COVID-19 may also accelerate adoption of existing technologies that farmers were already starting to integrate into their operations, says Mike DiPaola, North American general manager and vice president of global sales for Taranis

Accessing labor was already difficult for farmers and agricultural input dealers before COVID-19. Digital tools like imagery combined with artificial intelligence can form “digital labor” that can help ease labor concerns, says DiPaola.

Taranis offers UAV, aerial, and satellite imagery that’s coupled artificial intelligence in order to quickly identify maladies like weed and diseases, says DiPaola. 

“It doesn’t replace agronomists, but agronomists who use these tools will flourish over agronomists who do not,” says DiPaola. Artificial intelligence can identify and aggregate visual images so farmers, dealers, and agronomists can detect, assess, and develop a plan to counter crop threats, he says. 

“I think a lot of this was happening already, with the level of robots and precision agriculture access,” Miille adds. Although robotic technology is being evaluated in the Midwest, it particularly now fills a niche in fruit and vegetable production in states like California because it helps minimize human exposure to COVID-19, Miille says.


Appreciation for Agriculture

One silver lining regarding COVID-19 is that agriculture has been designated as an essential industry.

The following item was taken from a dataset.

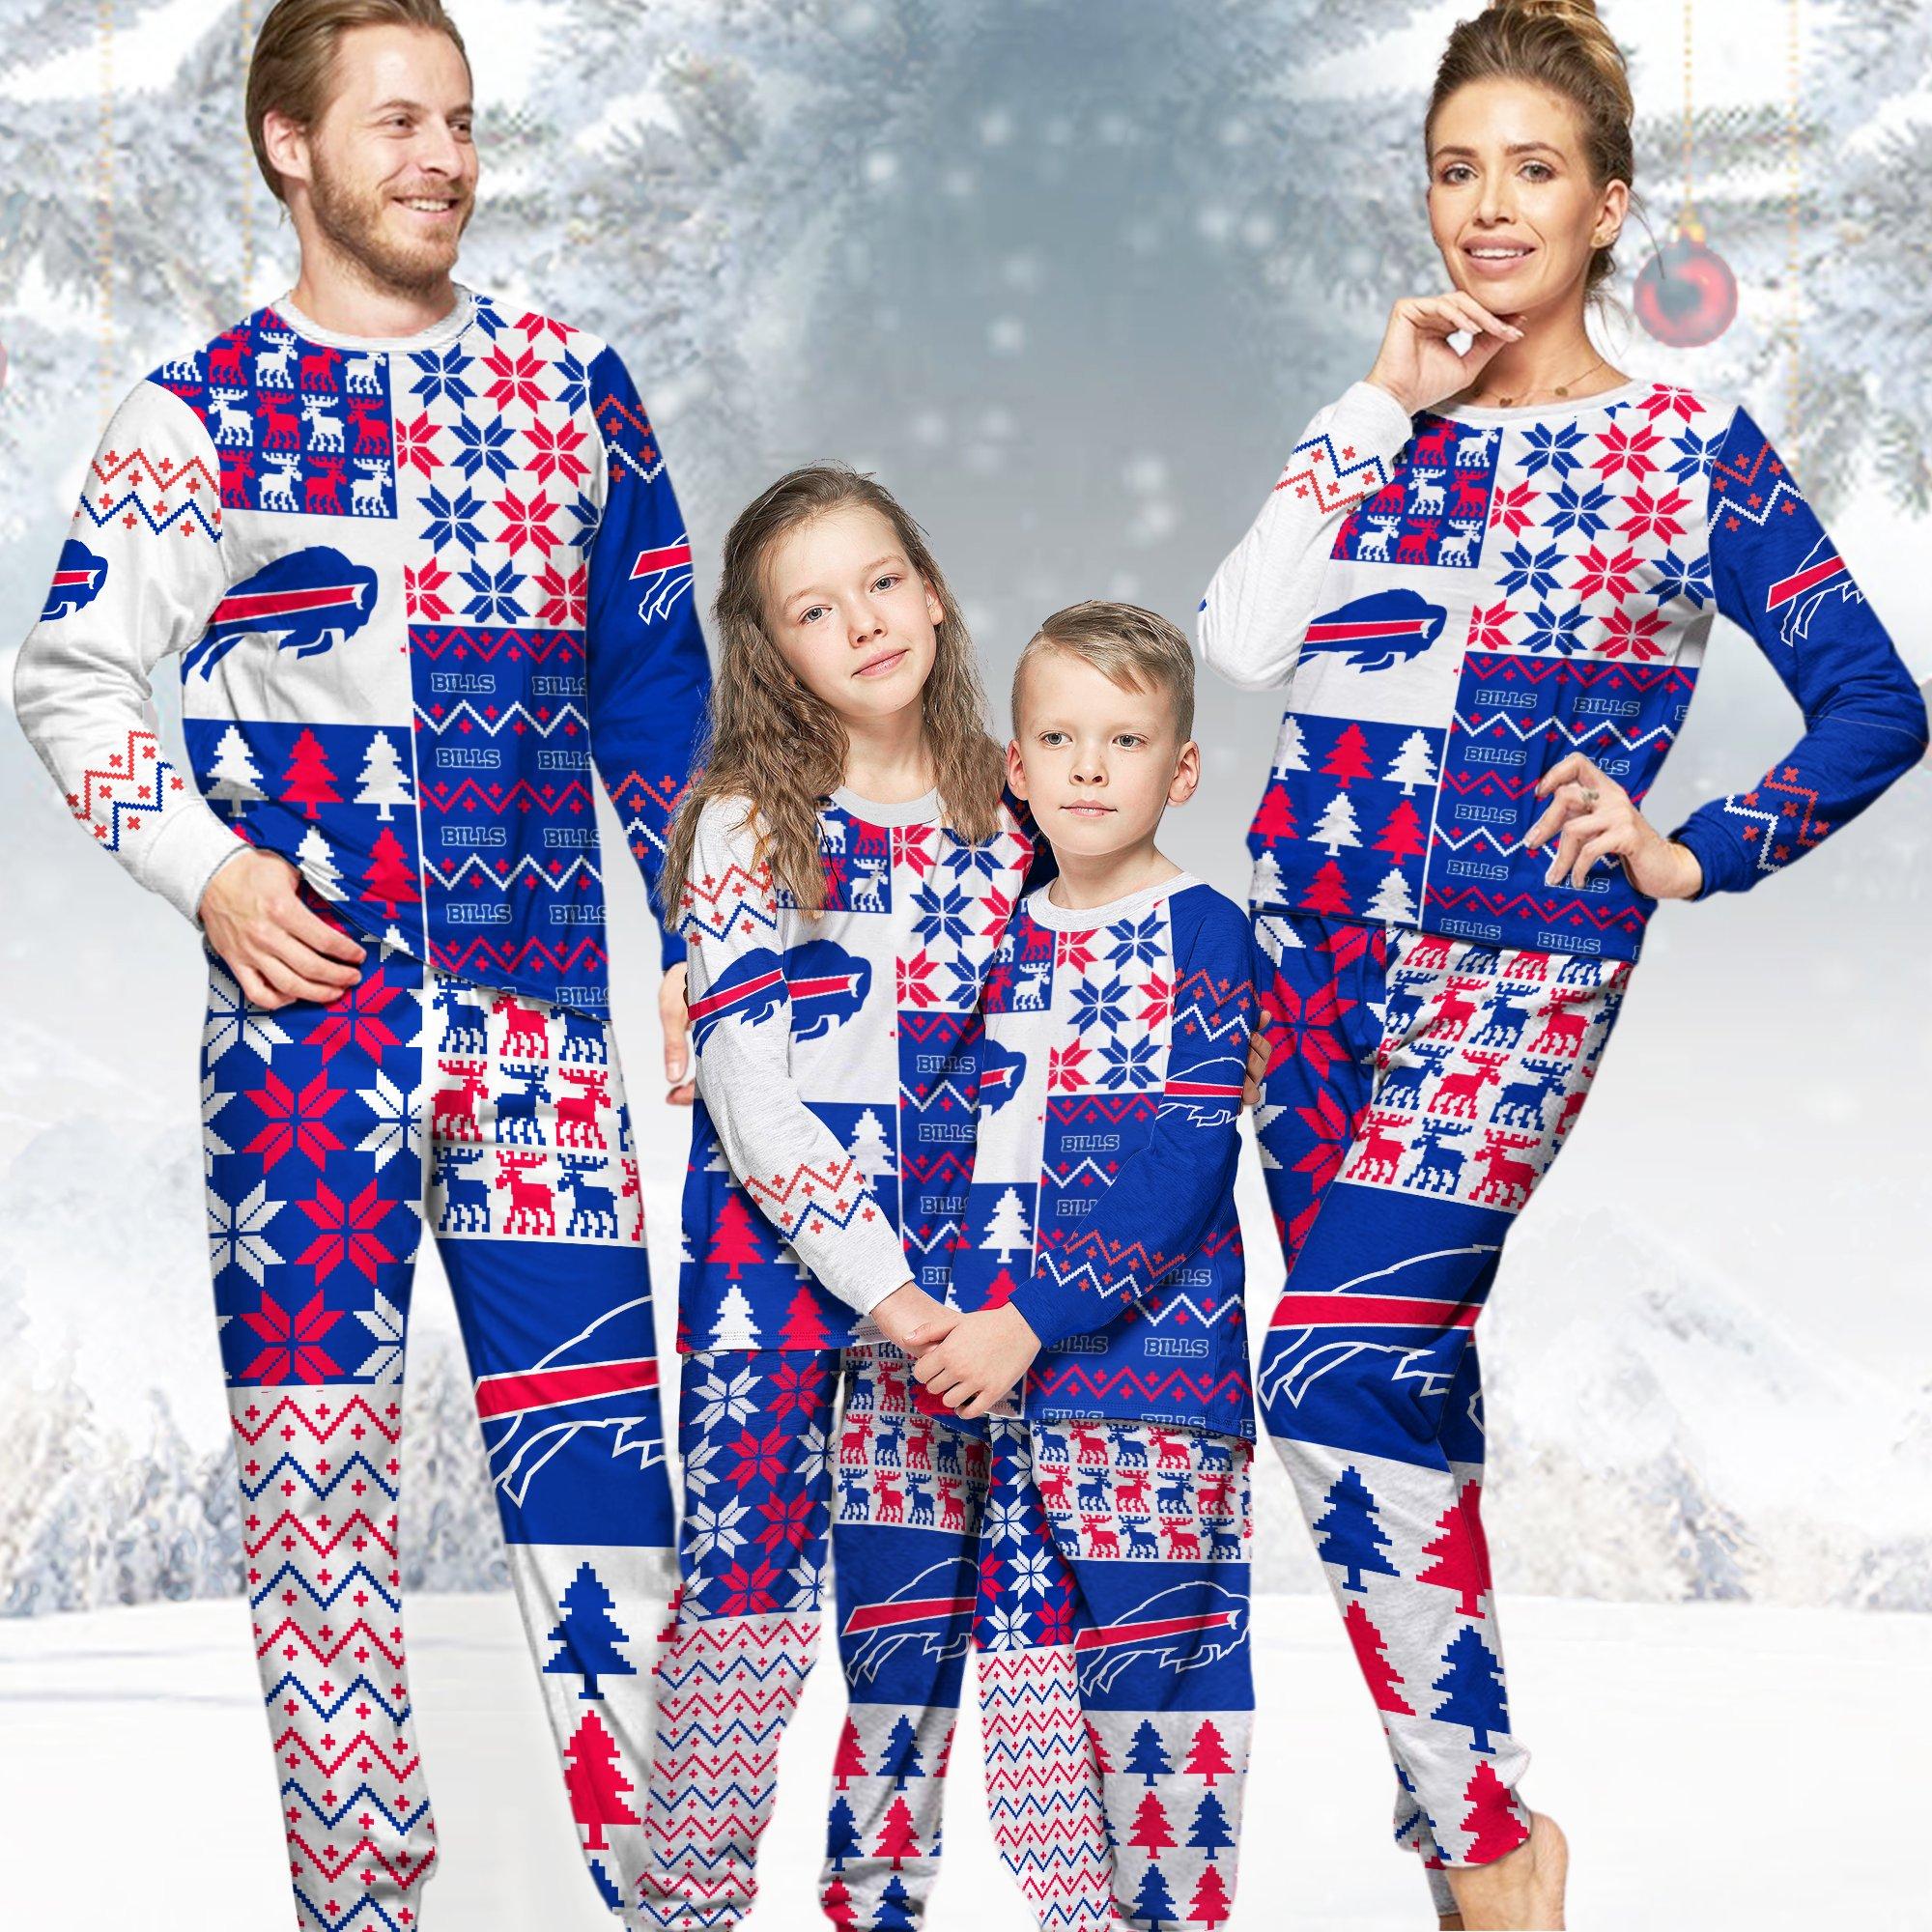 Buffalo Bills NFL Family Holiday Pajamas

That may further highlight the importance of agriculture with the general public, says Paul Rea, BASF senior vice president, agricultural solutions, North America.

“It shows that we shouldn't take for granted what shows up on the  supermarket shelf every week,” he says. “It should lead to more understanding of what a difficult job farmers do year-in and year-out, despite many challenges. I also think there’s an opportunity for a different entry point into the discussion of how we farm sustainably in the future.”